### The task
Only lines containing "white" belong in the answer, each copied from the entries below.

##### The records #####

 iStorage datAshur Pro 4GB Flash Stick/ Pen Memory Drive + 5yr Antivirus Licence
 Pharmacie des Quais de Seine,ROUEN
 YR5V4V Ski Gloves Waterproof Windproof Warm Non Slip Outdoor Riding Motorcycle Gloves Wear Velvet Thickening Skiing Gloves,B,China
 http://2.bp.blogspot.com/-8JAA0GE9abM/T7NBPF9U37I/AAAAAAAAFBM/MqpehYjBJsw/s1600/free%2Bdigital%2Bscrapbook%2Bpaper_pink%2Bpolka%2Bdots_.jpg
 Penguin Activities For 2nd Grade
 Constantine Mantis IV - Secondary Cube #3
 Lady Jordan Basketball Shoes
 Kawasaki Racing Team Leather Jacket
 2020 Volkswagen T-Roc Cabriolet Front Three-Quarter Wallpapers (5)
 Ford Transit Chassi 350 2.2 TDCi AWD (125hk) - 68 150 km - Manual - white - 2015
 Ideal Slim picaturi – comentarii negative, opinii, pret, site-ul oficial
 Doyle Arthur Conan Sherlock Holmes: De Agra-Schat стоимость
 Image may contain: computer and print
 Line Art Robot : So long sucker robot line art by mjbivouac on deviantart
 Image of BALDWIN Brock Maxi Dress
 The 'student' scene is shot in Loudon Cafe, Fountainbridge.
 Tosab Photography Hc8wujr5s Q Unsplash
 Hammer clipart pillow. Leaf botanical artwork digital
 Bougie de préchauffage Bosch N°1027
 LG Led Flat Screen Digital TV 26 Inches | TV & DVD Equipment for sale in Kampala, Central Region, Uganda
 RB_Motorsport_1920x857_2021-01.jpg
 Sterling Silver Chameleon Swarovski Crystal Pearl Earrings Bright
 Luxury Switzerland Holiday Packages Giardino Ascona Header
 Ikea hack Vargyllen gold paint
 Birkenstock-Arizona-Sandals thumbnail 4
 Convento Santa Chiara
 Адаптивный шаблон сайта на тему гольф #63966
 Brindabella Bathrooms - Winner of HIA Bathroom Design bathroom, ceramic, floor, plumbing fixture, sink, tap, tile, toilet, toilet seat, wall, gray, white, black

#####

### Answer space
 Ford Transit Chassi 350 2.2 TDCi AWD (125hk) - 68 150 km - Manual - white - 2015
 Brindabella Bathrooms - Winner of HIA Bathroom Design bathroom, ceramic, floor, plumbing fixture, sink, tap, tile, toilet, toilet seat, wall, gray, white, black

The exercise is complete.